10 Comments/Questions in Response to the first 32 pages of "The Art of Problem Posing"

How can I encourage the right line of questioning towards solving a problem? Assuming I can do so.

Does posing problems to students really allow them to explore "self-understanding"?

Was there a purpose in listing the reasons for repetition in 1,2,3,4,6,5 order?

I understand the importance of insistent and repetitive questions as they help to illuminate different nuances of problems but how does a teacher ask these questions of their students without boring or frustrating them?

How do I avoid annoying my students if I respond to a question with more questions?

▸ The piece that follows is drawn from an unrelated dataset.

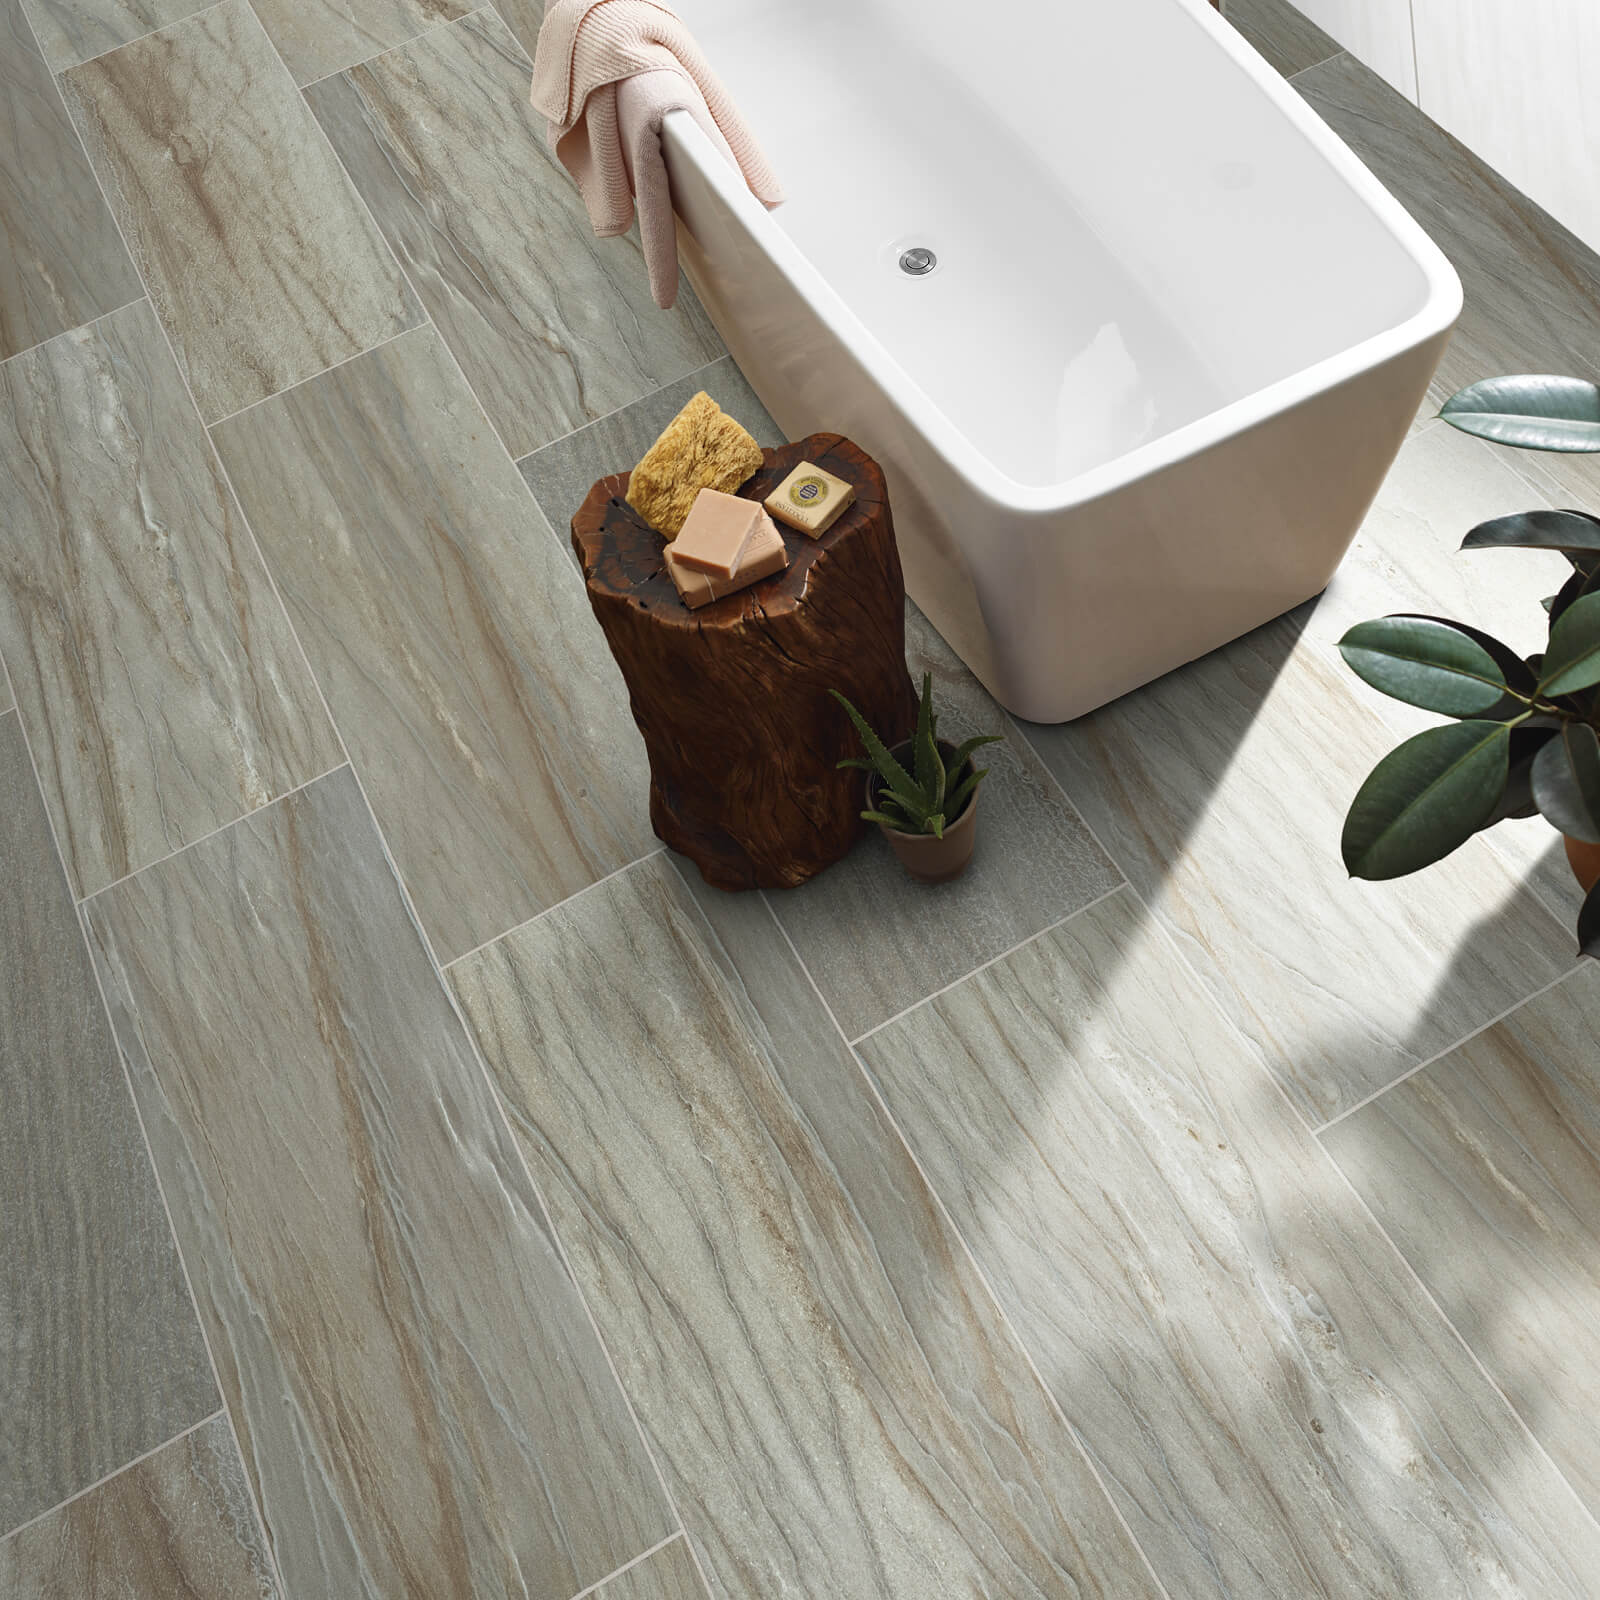 Tile flooring in bathroom | Carpet And Floors For Less

It is clear that the underlying importance of education is to encourage independent thought and innovative thinking from an individual. In mathematics, the ideal would be to create lesson plans that elicit a deep-seated understanding, but how do teachers balance this depth of knowledge when there is a curriculum to follow and time constraints? Furthermore, some of the dialogues are between ONE teacher and ONE student. We expect as teachers, we will be working within a classroom with many students. What one student may question, has already been internalized by another. Asking or posing continuous questions will not benefit the student who has already come to terms with the material or the student who just wishes to complete the assignment/exam. That being said, I am totally excited to create "brain-teasers" problems for my students as challenges, I am also eager to try to push my students to take second looks at their own conceptions of the material.

After this article and some mentions of this in class, I realize that I was very interested in the personalities of the mathematicians whose discoveries I studied in math class. These stories of discovery or of the discoverers were only as an aside in post-secondary or from my own readings. It might make the topics a little more personable if the road to discovery was discussed in a highschool classroom. I will try to make a point in discussing the biographies of some of the mathematicians whose work is used in the curriculum.

It is true that given a list of tables, I find it difficult not to consider a pattern or a formula to describe the relationship between the numbers. Is this due to my mathematical training or an inherent curiosity that is just due to personality?

I agree that it is important to look at a problem and consider the possibilities prior to attempting to solve it. There is value in evaluating the approximations which will help to illuminate the strategies required for calculating a solution. It also serves to help to 'check' once a more precise solution is found. Should the solution be far away from the approximation, it could indicate that there is need for some more thought.

Is there such a thing as a stupid question?